Когда Поль проходил мимо нее, Эли подставила ему ножку, и он чуть не упал.
- Твое счастье, что я завтра уезжаю, - пригрозил он девочке, - иначе твоим ушам бы не поздоровилось.-
Поль часто грозил ребенку расправой, но никогда не решался прибегнуть к ней, - ему исполнилось уже шестнадцать лет, он был ростом со взрослого мужчину, да и добряк по натуре.
Малютка Мими тоже спускалась, с трудом переставляя свои толстые ножки; одной рукой она держалась за перила, в другой у нее было большое яблоко. Увидев Эли, она завизжала от радости, и вскоре все трое исчезли из виду.
Сесиль заперлась с деверем на кухне. В смятении она поведала ему все, что произошло, и тут же об этом пожалела.
- Жан, то, что я вам сказала, должно остаться между нами, - просила она, прекрасно понимая, что у того не хватит характера скрыть такое сенсационное сообщение от жены и что, поднявшись к себе, он первым делом все ей передаст.
Сесиль, как обычно, рано уложила Эли спать. Детская примыкала к ее спальне. Она была квадратная, с наглухо затянутыми на ночь портьерами, и создавала впечатление безопасности и уюта, а мебель говорила о том, что обставлена детская любовно.
Сесиль смотрела на Эли, когда та снимала платье и белье и надевала на себя ночную рубашку в цветочках.
«Сказать мне такую вещь через два года! Два года моей и Розиной любви! Два года, отданные, чтобы овладеть сердцем маленького дичка, который в конце концов привязался к нам и позабыл драму своей жизни».
Минуты, когда Эли укладывалась спать, были полны нежности; девочка требовала, чтобы мать поцеловала ее и крепко прижала к себе, прежде чем заправит одеяло. Эли целовала фотографию Поля Монзака, «нашего папы», которая стояла подле ее кровати, как бы охраняя ребенка.
Сесиль не могла решиться отменить этот вечерний ритуал.

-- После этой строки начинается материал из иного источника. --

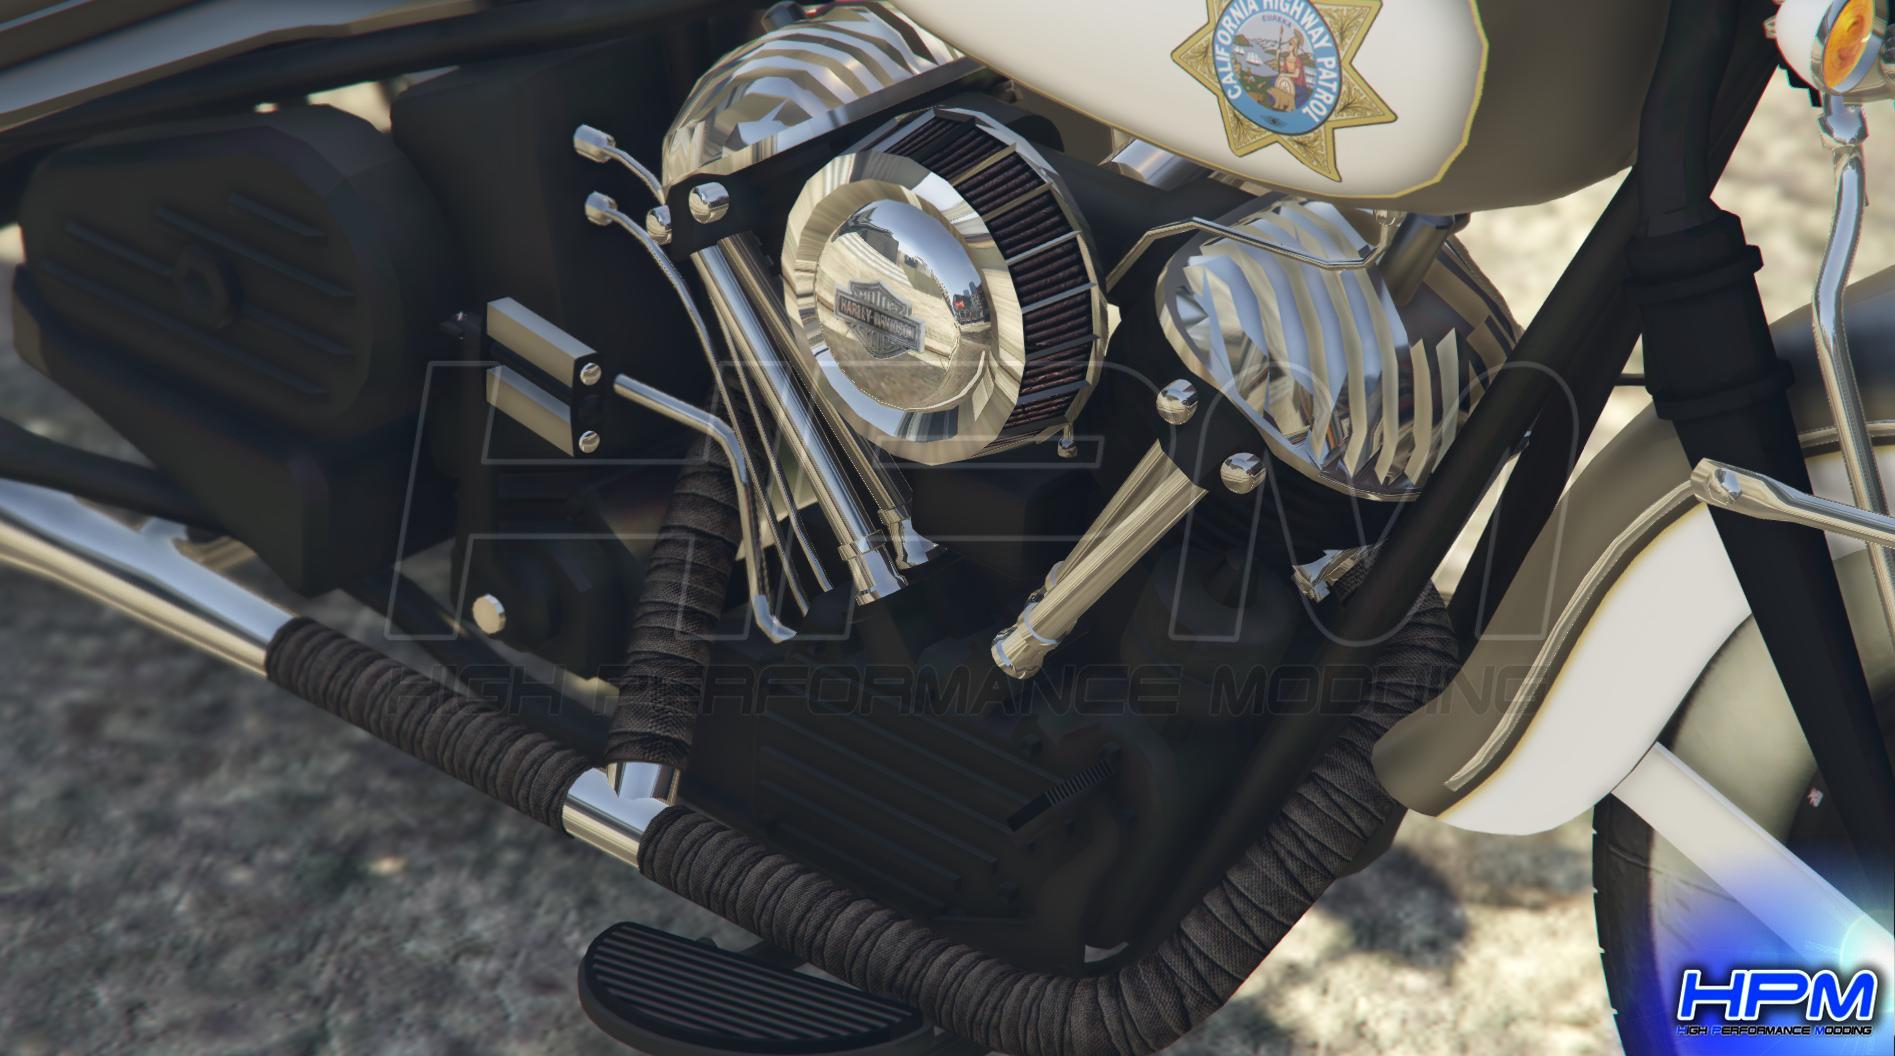 Harley Davidson Knucklehead 1947 Service Car - Police Version - GTA5
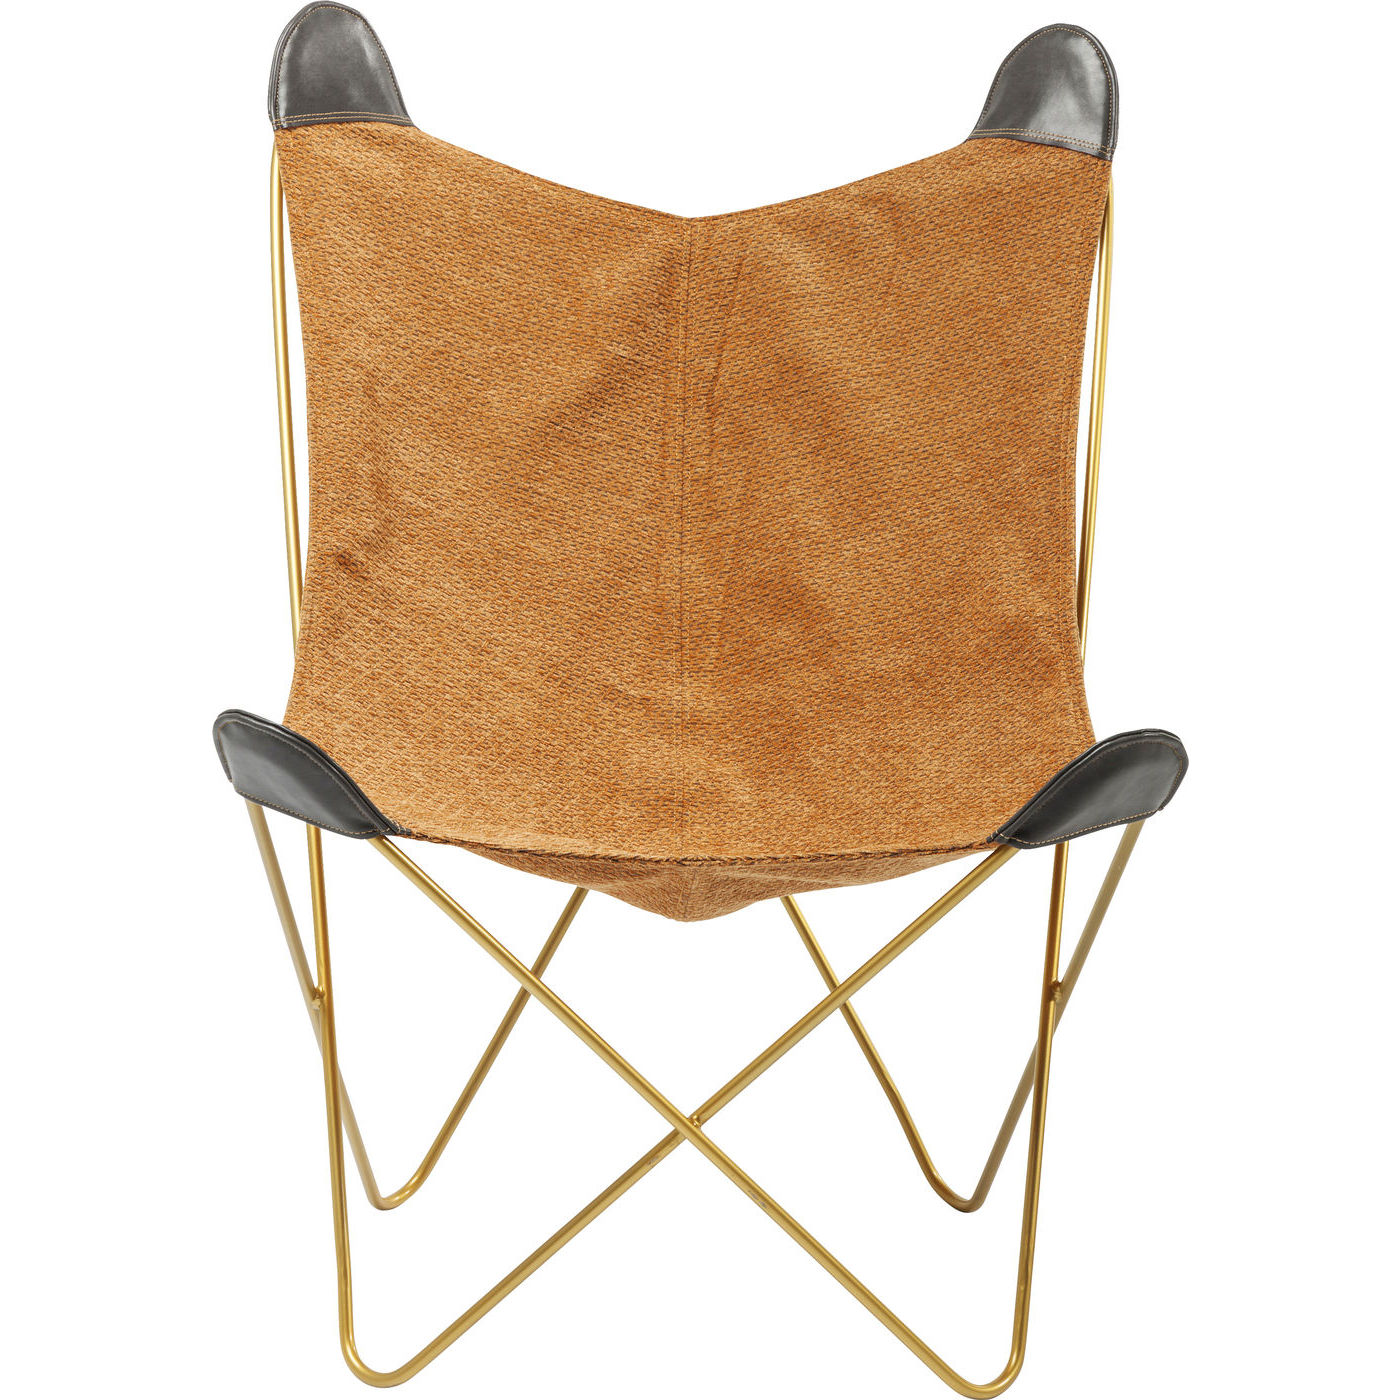 sessel butterfly malm gelb. Black Bedroom Furniture Sets. Home Design Ideas

С мукой в душе она приняла в нем участие, стараясь отогнать грызущие ее мысли, отложить принятие решения. Она подождет Розу. Роза научит, как ей поступить. Роза ведь лучше, мудрее, чем она, Сесиль, нередко такая невыдержанная и резкая, что самой себе не доверяла.
- Я не попрощалась с дядей Жаном, ни с тетей, ни с Полем, ни с Мими, - пробормотала Эли, засыпая.
- Ничего, ничего, спи, - сказала мать, боясь, чтобы Монзаки, преисполненные негодования, не стали обращаться с ребенком, как с преступником. - Ты увидишь их утром, перед отъездом.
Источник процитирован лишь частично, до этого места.